Getting URLs from Page and also the next pages


I am trying to get all the url links from the page. I am using this link

https://www.horizont.net/suche/?OK=suchen&OK=suchen&i_sortfl=pubdate&i_sortd=desc&i_q=der

This link is based on search query which shows different articles. There are about 9 articles in each page.
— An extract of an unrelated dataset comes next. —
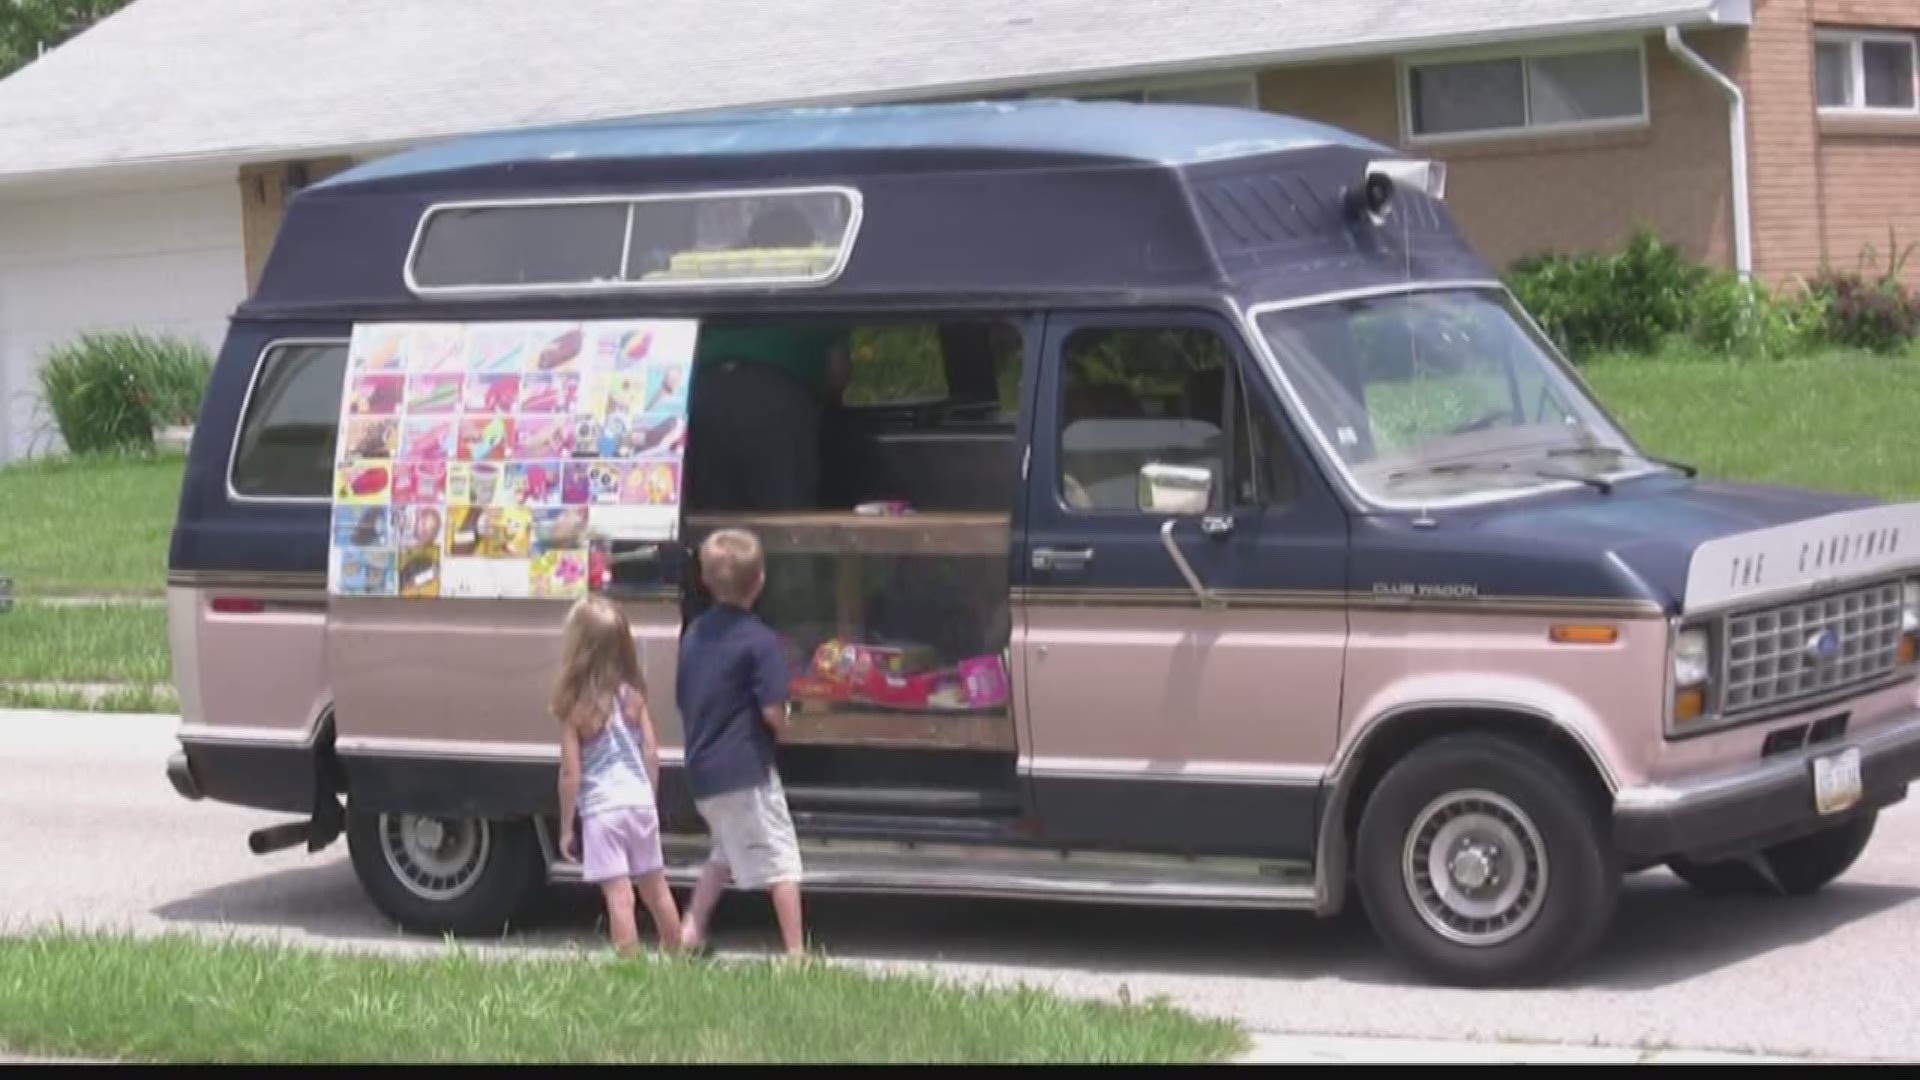 SPD urges parents to keep an eye on children at ice cream trucks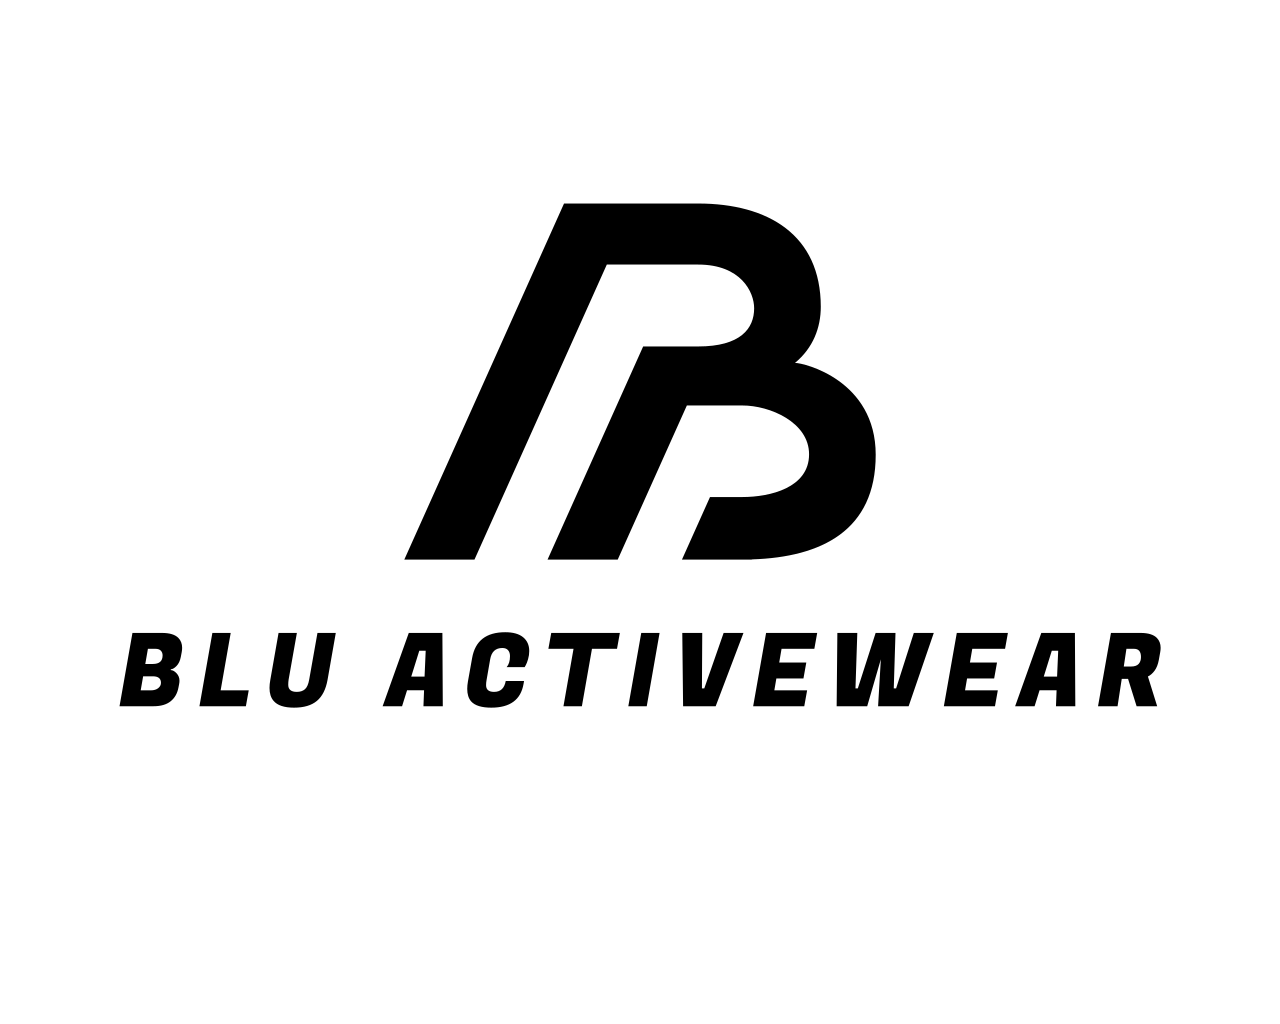 Blu Activewear

So i would like to get all the URLs links as a list from the page.

The second step i want to try, when all the links from the page are extracted from the page then it automatically opens the second page and fetch all the links from there.

enter image description here

So, s there are about 15194 pages so i would like to get all hyperlinks for articles from the pages.

So far i am trying to do this:

from BeautifulSoup import BeautifulSoup
import urllib2
import re

def getLinks(url):
    html_page = urllib2.urlopen(url)
    soup = BeautifulSoup(html_page)
    links = []

    for link in soup.findAll('a', attrs={'href': re.compile("^http://")}):
        links.append(link.get('href'))

    return links

print( getLinks("https://www.horizont.net/suche/?OK=suchen&OK=suchen&i_sortfl=pubdate&i_sortd=desc&i_q=der") )

The porblem i am facing now is that i am getting every url from the website but i need only which are search results and also for next pages from the search results.


Solution

  • You can use the element class attribute of the link you need to extract the href:

    for link in soup.findAll ('a', attrs = {'href': re.compile ("^ http: //")}, class _ = "ArticleTeaserSearchResultItem_link"):
    

    And if you are going to browse all the pages and collect all the url of the articles, I can advise you to change the Page value in the link itself until the link is valid:

    i = 1
    urls = []
    while True:
    
        url = f"https://www.horizont.net/suche/?OK=1&i_q=der&i_sortfl=pubdate&i_sortd=desc&currPage={i}"
        try:
            def getLinks(url):
                html_page = urllib2.urlopen(url)
                soup = BeautifulSoup(html_page)
                links = []
    
                for link in soup.findAll('a', attrs={'href': re.compile("^http://")}, class_="ArticleTeaserSearchResultItem_link"):
                    links.append(link.get('href'))
    
                return links
    
        urls.append(getLinks(url))
    
        except:
            break
    
        i += 1
    

    At this time I haven't opportunity to debug my code but I hope I helped you. Good luck!